Ongoing nest collapse, detachment, repeated predator attacks, or human disturbance can spur abrupt abandonment. The parents’ focus shifts to personal safety, leaving offspring collateral damage.
Weather threats
Storms, high winds, flooding rainfall or extremes of hot and cold also trigger chick rejection and egg desertion. Exposure risks override rearing investments if shelter is compromised.
Birds evolved dealing with unpredictable weather. But nesting sites and food sources can be radically impacted by storms in hours, forcing emergency priorities like survival over breeding.
Early brood stage
Younger nestlings are more readily rejected than older chicks who represent greater parental investment. Ejection of eggs is also more common than abandoning feathered young.
Newly hatched chicks are more expendable assets than those nearing fledging age. Older offspring demonstrate fitness by surviving earlier hazards, endearing them to caretakers.
Brood parasitism
As noted earlier, birds combat sneaky brood parasites by identifying and removing odd eggs or chicks slipped into the nest by freeloaders like cuckoos.
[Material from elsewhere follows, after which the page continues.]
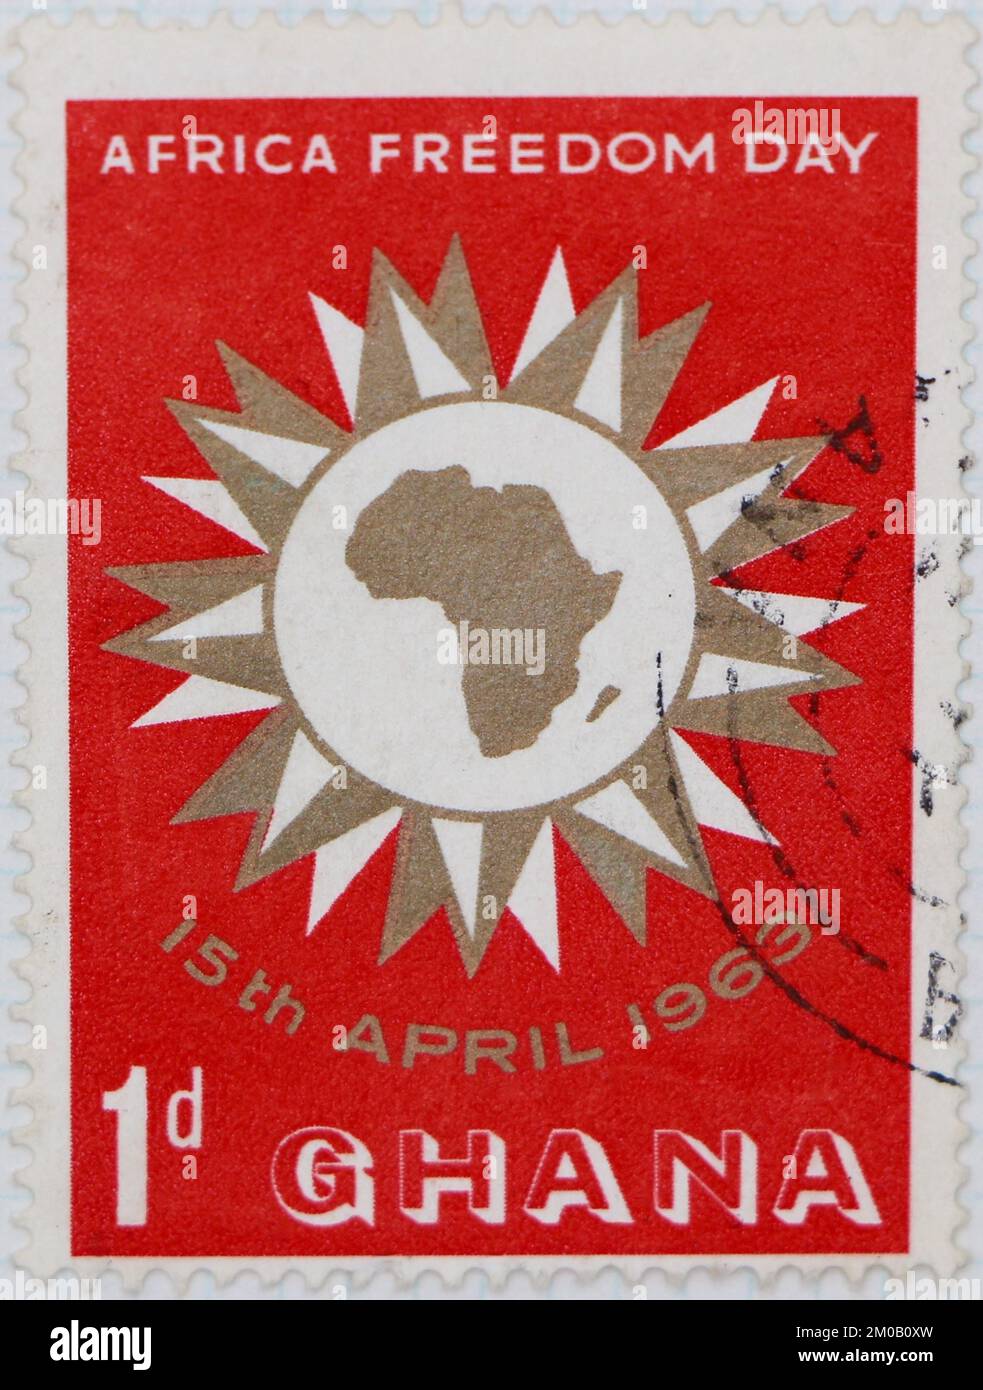 Photo of a postage stamp from Ghana Map of Africa within Sun Africa Freedom Day series 1963 Stock Photo
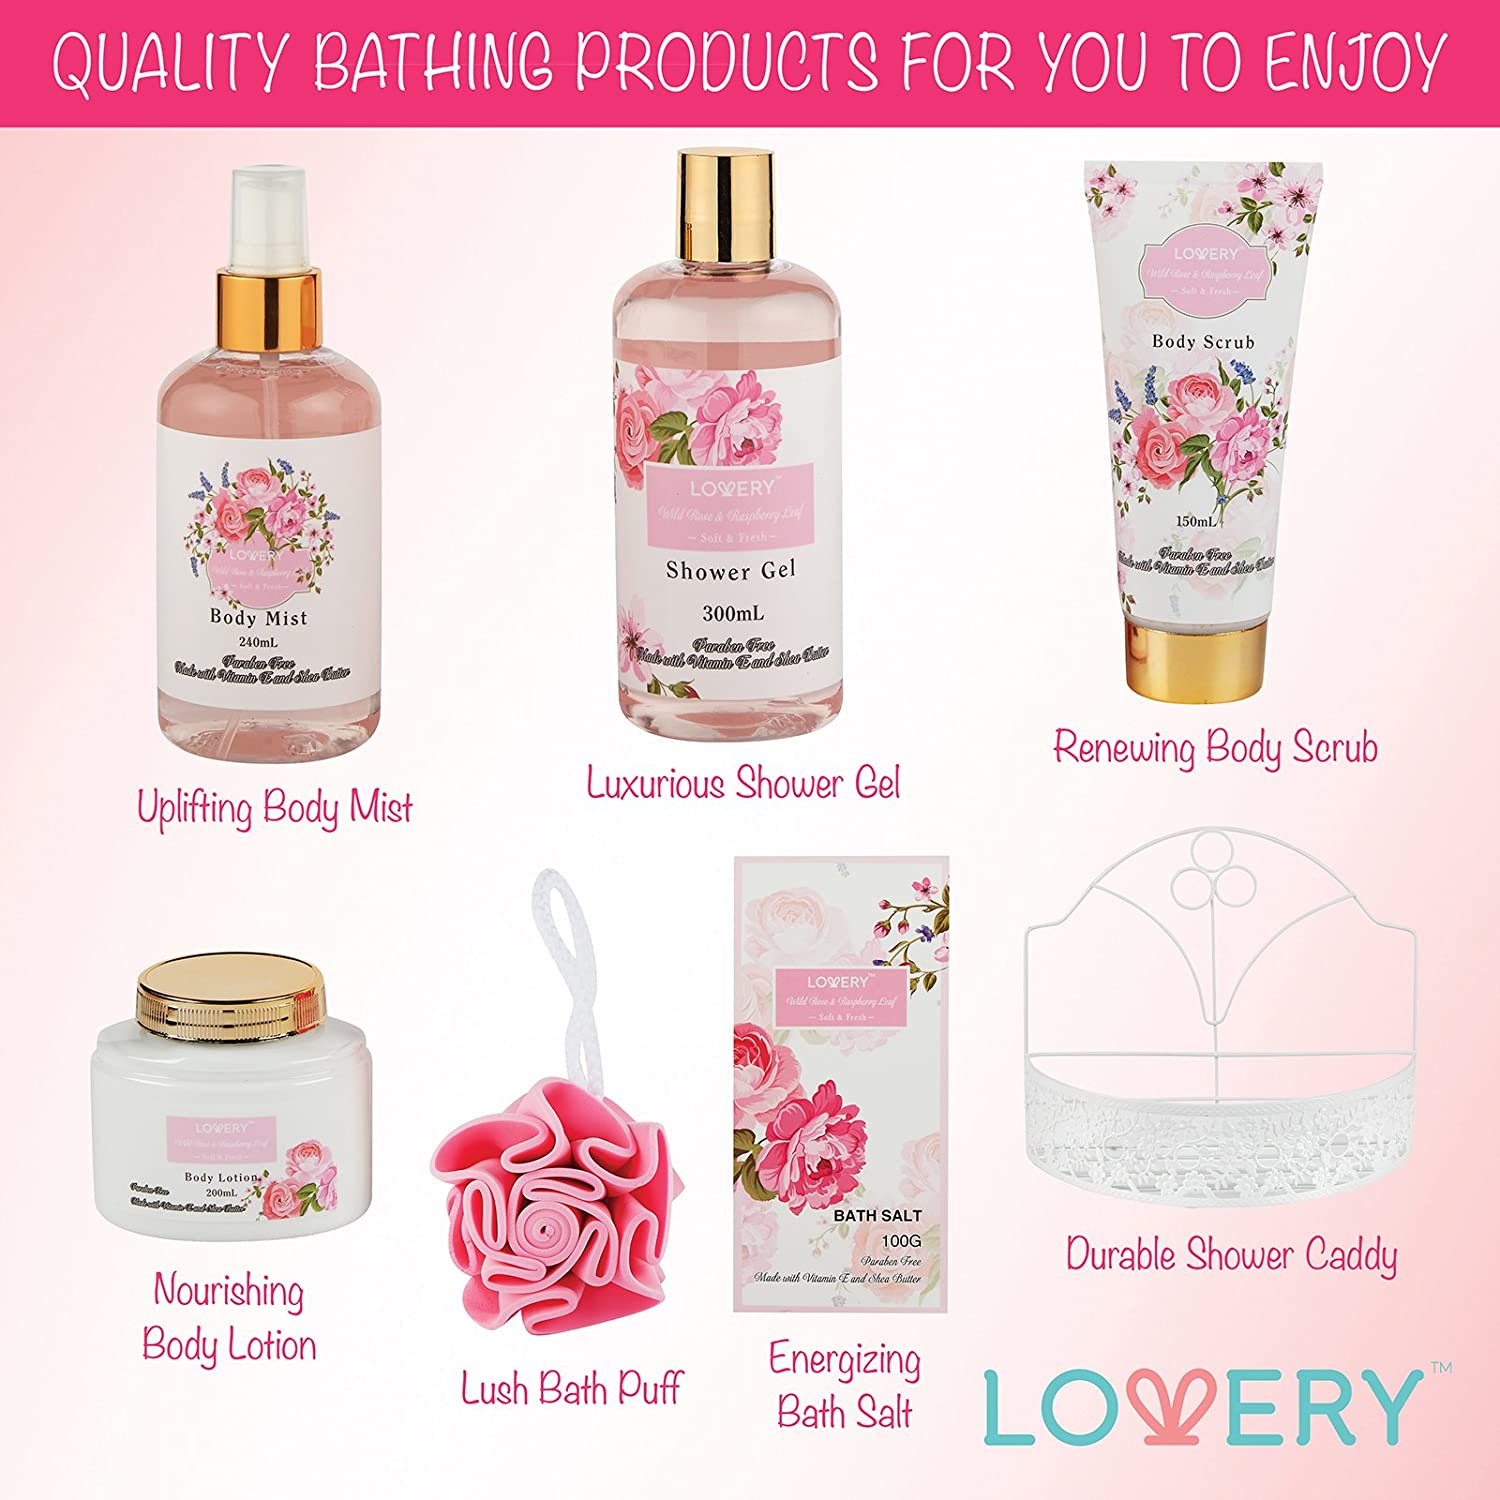 lovery Wild Rose Bath Gift Set, Wild Rose Bath Gift Set, Raspberry & Rose Bath Set, Metal shower caddy, Luxury bath kit items, Wild Rose spa essentials, Raspberry Leaf bath products, Complete spa set view, Lovery's spa kit display, Rose-infused spa products, Bath set with caddy, Elegant bath gift contents

This protects the hosts’ genetic interests and conserves resources for related young rather thanduped fostering. Egg rejection is a key counter-strategy co-evolving alongside brood parasitism.
Specific Examples
To illustrate the contexts of chick and egg rejection, here are some real-world examples:
California gulls
California gulls breeding at Mono Lake, California were studied when brine shrimp food sources varied over breeding seasons. In lean years, chicks were ejected from nests at three times the rate of abundant years. Parents trimmed brood size to match sparse resources.
Year | Food availability | Chicks ejected |
---|---|---|
1981 | Scarce | 16% |
1982 | Abundant | 5% |
Great tits
When European great tits were supplemented with extra food, they ejected more chicks from nests. Without resource constraints, they culled weaklings to invest fully in stronger offspring. Chick rejection balanced brood size and food availability.
Group | Food | Chicks ejected |
---|---|---|
Control | Normal | 5% |
Supplemented | Extra | 13% |
European starlings
Starlings studied in nest boxes ejected over 6% of eggs laid. Cool, rainy weather was identified as a factor, presumably prompting abandonment of marginal eggs to conserve heat and brooding effort. Incubation stresses appeared to spur triage egg removal.
Acorn woodpeckers
Up to 56% of nestlings were ejected in ecological study of these social woodpeckers. Lower parental relatedness to chicks and reduced group cooperation predicted increased rejection rates, reflecting kin selection and resource tradeoffs.
Reed warblers
Host reed warblers can recognize and remove up to 40% of brood parasitic eggs laid by common cuckoos. This counters reproductive cheating and reserves their nest resources for related young with shared genetic interests.
Cliff swallows
Parasitism by hematophagous swallow bugs increased cliff swallow chick ejection rates over 2-fold in infested nests. Parents exiled chicks to combat ectoparasite loads and associated stresses, illustrating how pathogens influence rejection behaviors.
Conclusion
Birds throwing young out of the nest reflects the harsh selective pressures of their evolutionary history. This behavior arises when environmental conditions threaten breeding success. By preemptively culling vulnerable offspring, birds maximize survival of their fittest progeny.
Though seemingly cruel or careless through a human lens, chick and egg rejection strategies serve an adaptive role for avian reproductive success. Sacrificing some ensures investment in others with better odds is prudent in risky, resource-limited settings.
While tragic for doomed individuals, these triage decisions benefit the parents’ genetic fitness and continuation. This cold logic persists as an evolved response to ecological constraints birds still face. Though difficult to witness, rejection practices reflect natural selection’s unsentimental calculus.